O'Kasick had tried to kill himself (by shooting) once before, the night his brothers were cornered and killed in the brush of Carlos Avery game farm near Wyoming, Minn.
He recovered to tell the full story of the O'Kasick exploits, but doctors said his heart had been weakened by the wound. For that reason he was given a ground floor job in the reformatory tailor shop.
"In that assignment he didn't have to climb stairs," Jackson said,
This, morning O'Kasick reported he was ill and "slept in" instead of, reporting to the tailor shop. A guard making a routine check noticed he was doubled up in a blanket in his bunk.
The knife was protruding from O'Kasick's stomach. An ambulance was called but he died within a few minutes.
Jackson said O'Kasick had been "quiet" but still talked about a new trial in the Lindgren case. He had claimed that a highway patrolman had killed Lindgren in firing at his brothers.
A transcript of trial testimony in Anoka county district court was being prepared for an appeal for a new trial.
After the killing of the two brothers, only James was left to identify the trio as the gunmen who shot Fossum and Officer Ward Canfield in a gun battle at 39th, St, and Blaisdell Av. on Aug. 17, 1957.

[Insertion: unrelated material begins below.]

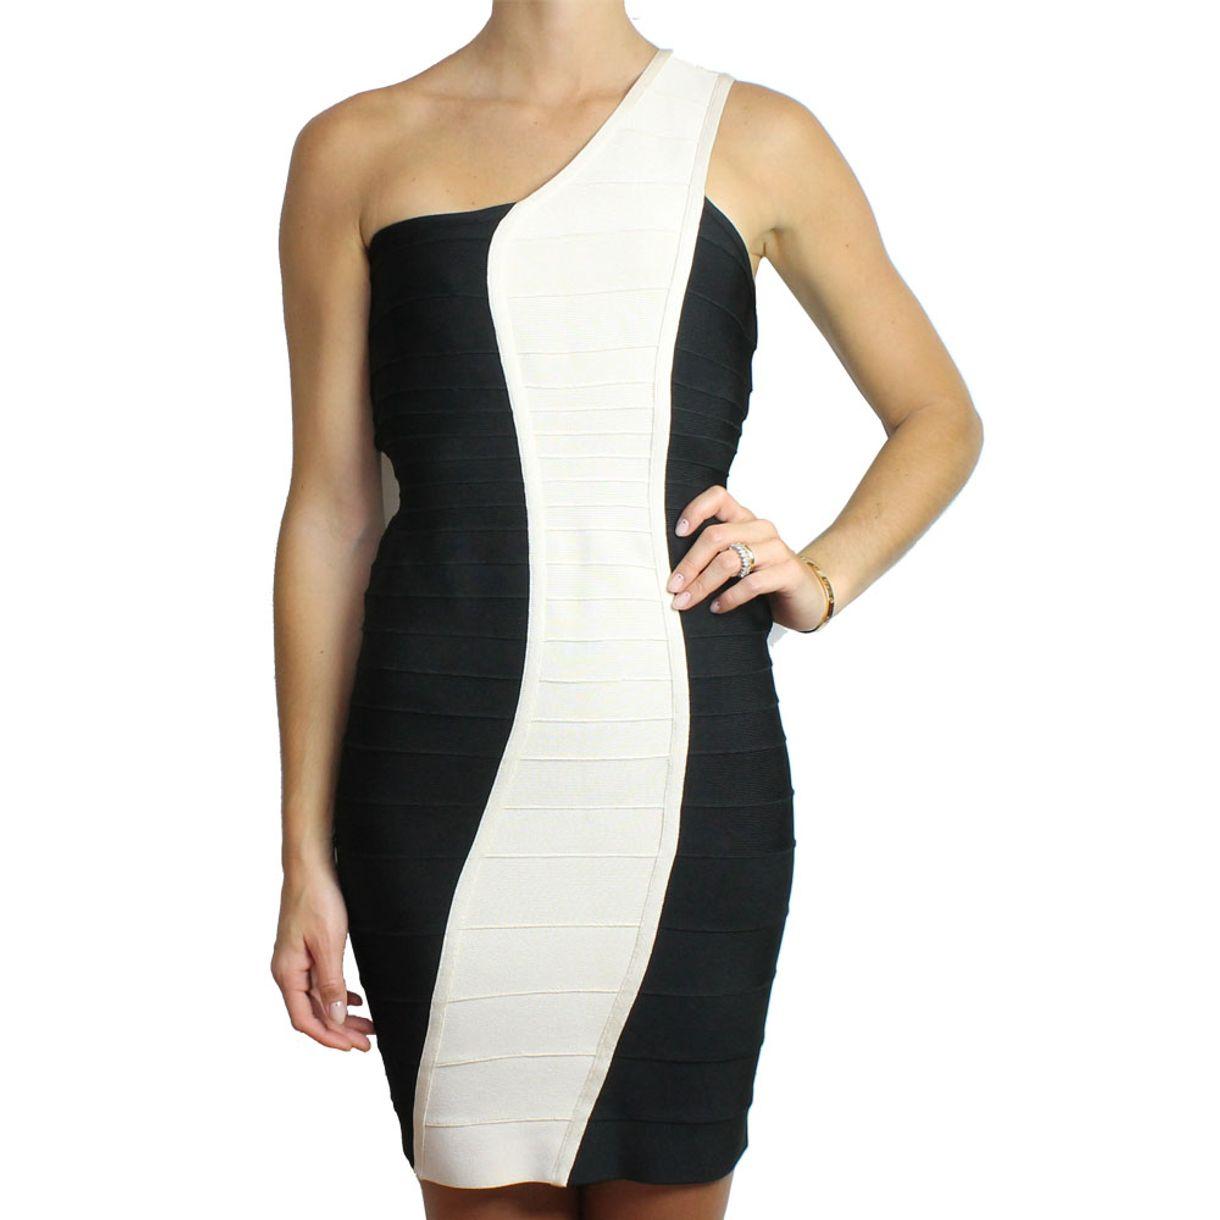 Vestido-Herve-Leger-Preto-e-Branco-Curto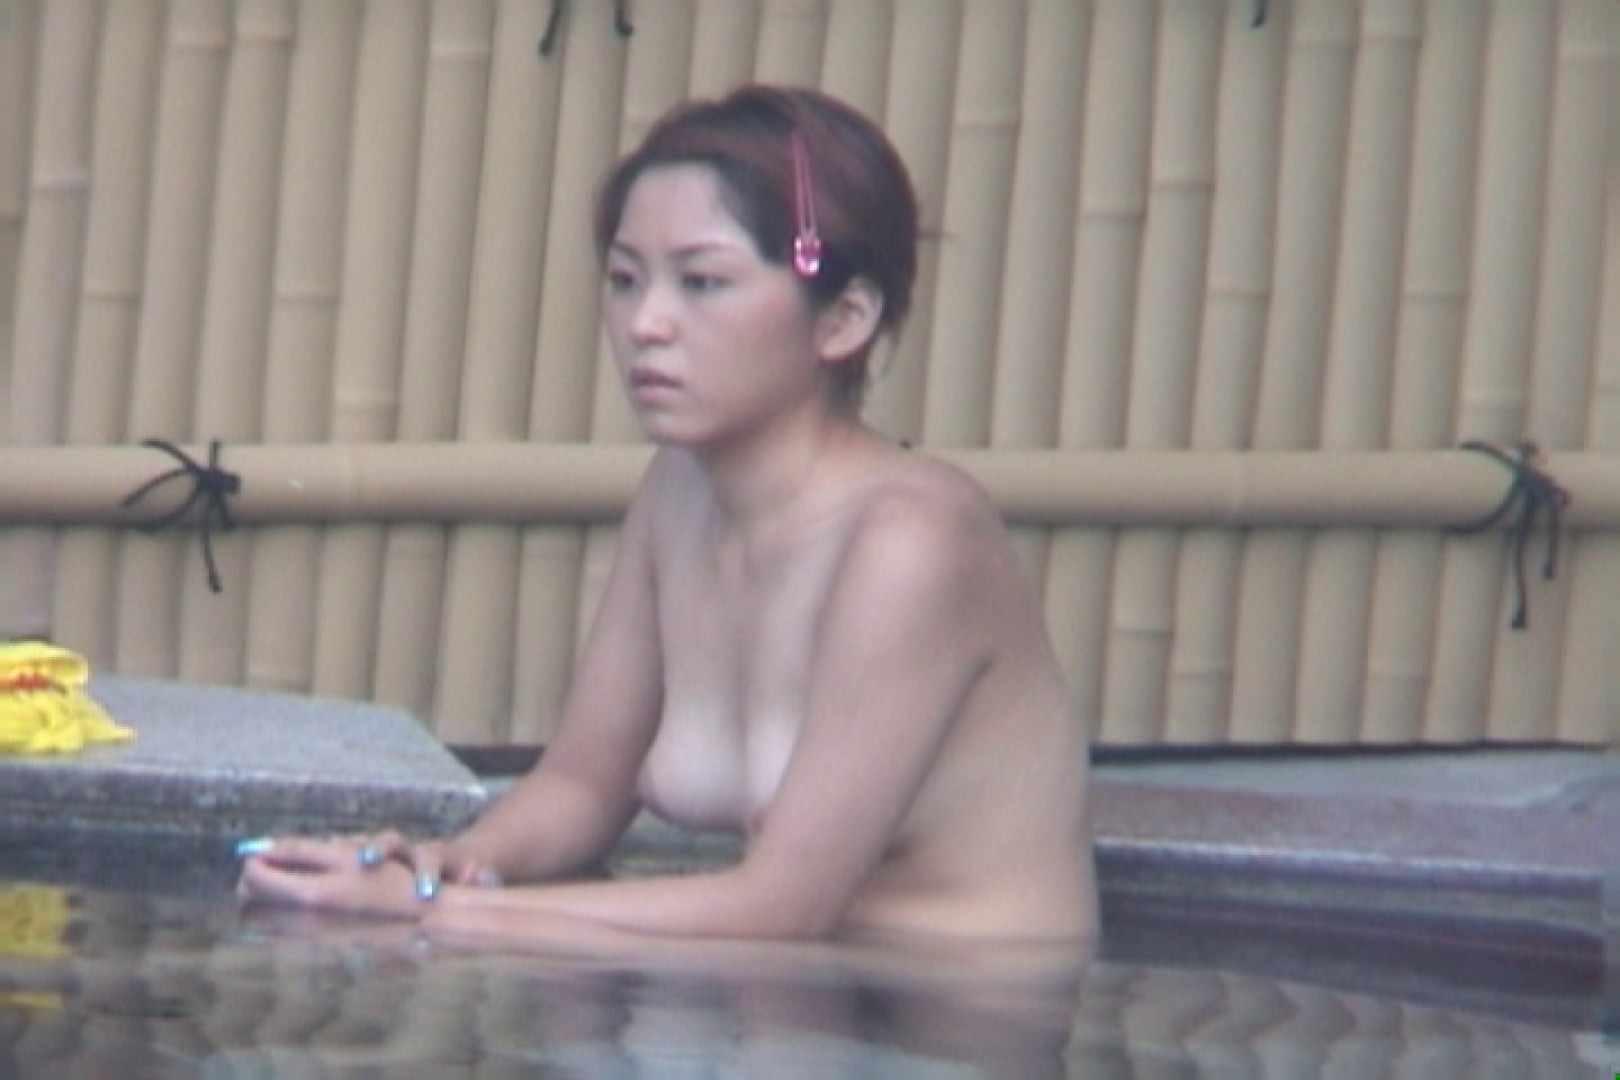 Aquaな露天風呂Vol.574 OLのエロ生活 エロ画像 95連発 62

He revealed that he and his brothers Roger, 26, and Ronald, 24, were on their way to hold up the Red Owl store at 24th St. and Hennepin Av. in a stolen car when Fossum and Canfield pursued them.
Fossum was killed by gunfire and Canfield, wounded in the abdomen, was run over by the bandit car as he law in the street.
Canfield, suffering numerous injuries, was in critical condition for some time, He underwent 14 operations, including the amputation of one leg, and is still convalescent
The O'Kasicks fled from Minneapolis and hid, out for a time in the woods of northern Minnesota. Then they returned to the Minneapolis area and hid in the brush of Anoka County for several days.
Police had not learned the identity of the killers when the O'Kasicks erupted the second time 28 days after the first episode.
They got into a freakish scrape with Anoka county sheriff's deputies, wounded Deputy James A. Sampson, 30, and hurried to the nearby home of Lindgren to commandeer his car.
They took Lindgren hostage in his car from his home, four miles north of Anoka, and forced him to drive at a wild pace with highway patrolmen in pursuit.
In a field of brush and willows at the game farm, Lindgren was shot and killed.
Highway Patrolmen James Crawford killed Roger and Ronald O'Kasick with a shotgun blast.
James, alone in the brush, turned his gun on himself.
The O'Kasicks were not known at that time as the Fossum killers, but the violence of the episode with Lindgren gave police the hunch the brothers were the hunted ones.
James, near death in General hospital, confessed the crime spree of the trio.